• WHAT THE TASK ASKS: Could you give back exactly the lines below from the one with "Jason Oakley on" through the one with "Ceramic Sport Series", without a single picture?

• GIVEN RECORDS:
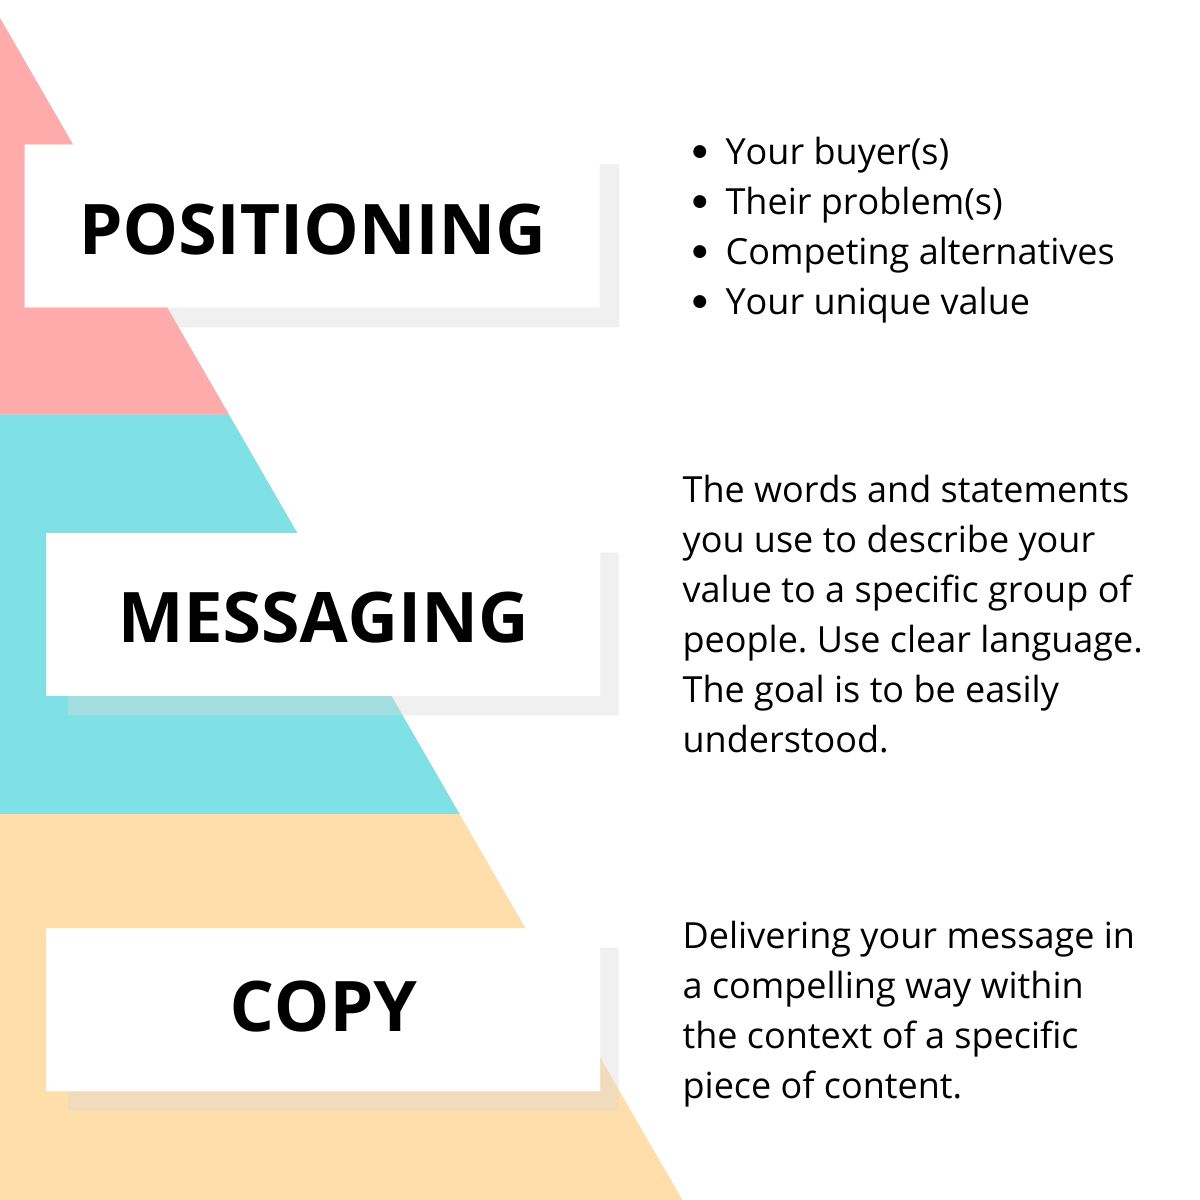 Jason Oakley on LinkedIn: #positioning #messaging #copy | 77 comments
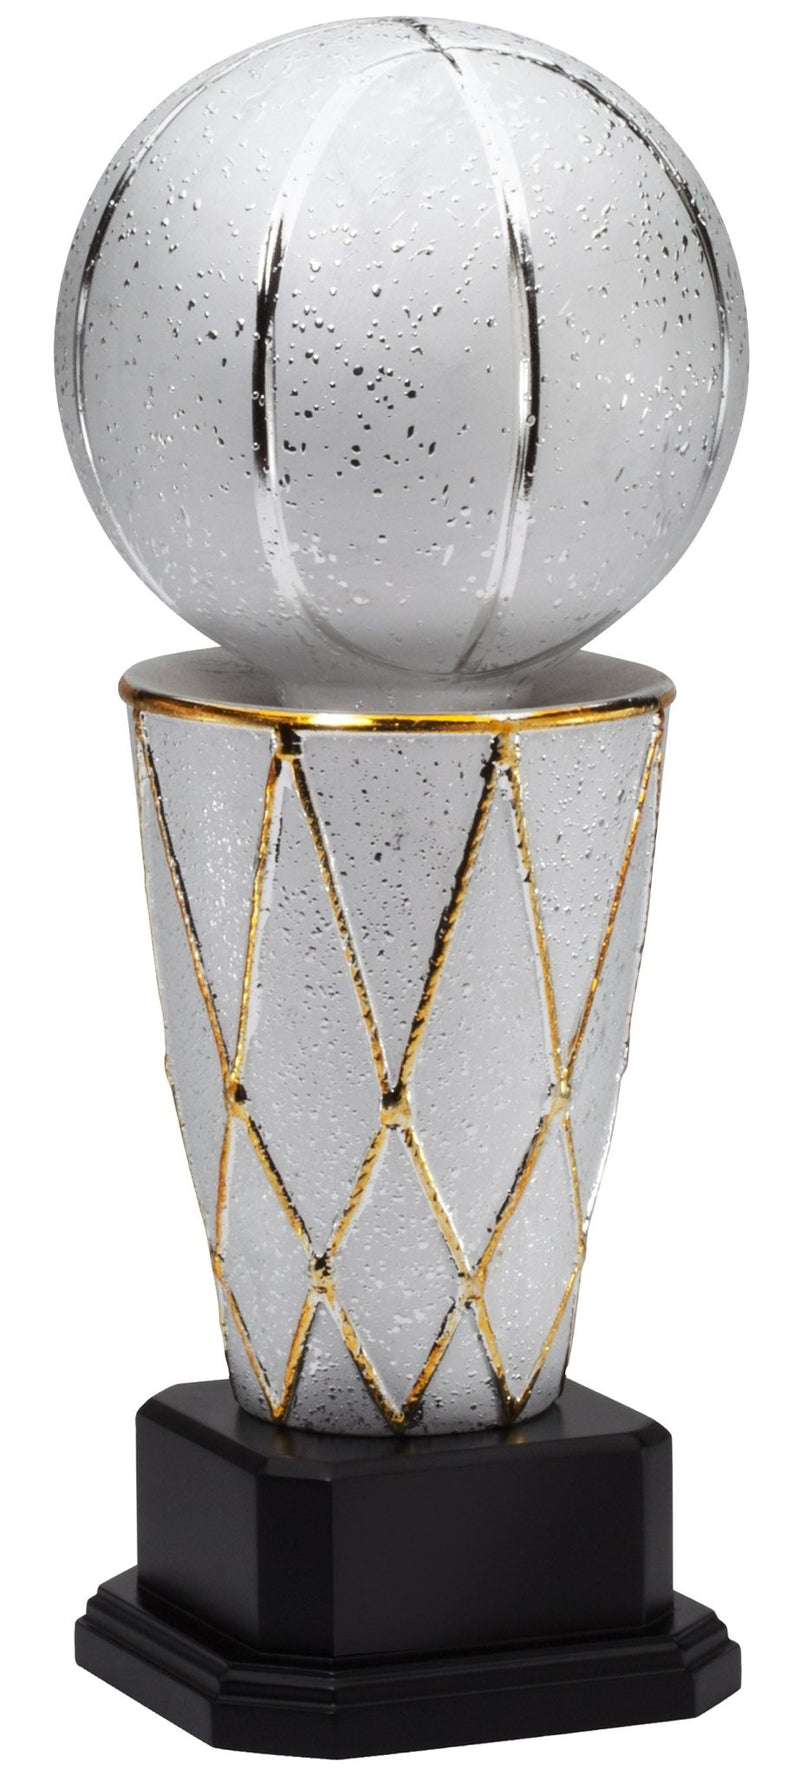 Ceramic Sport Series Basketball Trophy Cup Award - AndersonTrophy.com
==
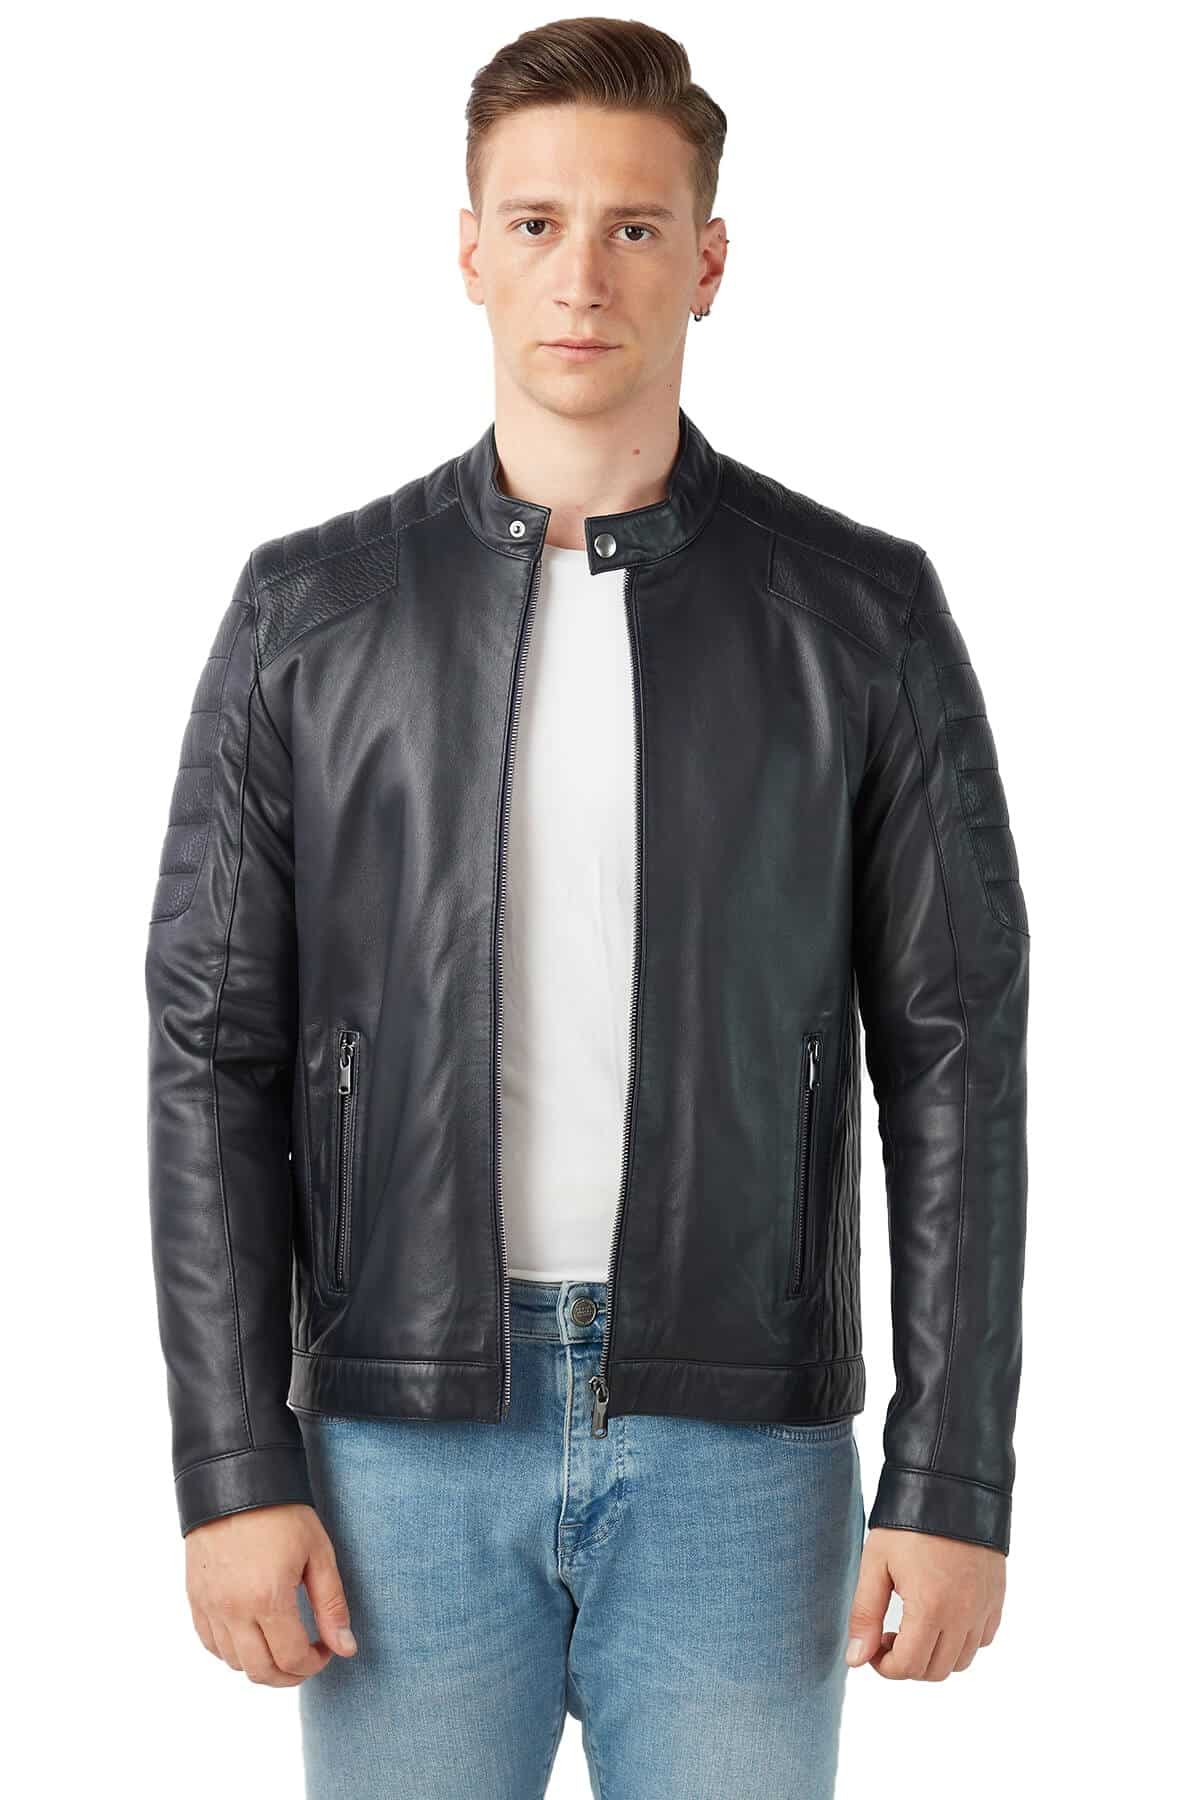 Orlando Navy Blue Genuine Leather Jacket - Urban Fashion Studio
==
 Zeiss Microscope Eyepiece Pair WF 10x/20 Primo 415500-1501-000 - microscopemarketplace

• REPLY TO THE EXERCISE:
 Jason Oakley on LinkedIn: #positioning #messaging #copy | 77 comments
 Ceramic Sport Series Basketball Trophy Cup Award - AndersonTrophy.com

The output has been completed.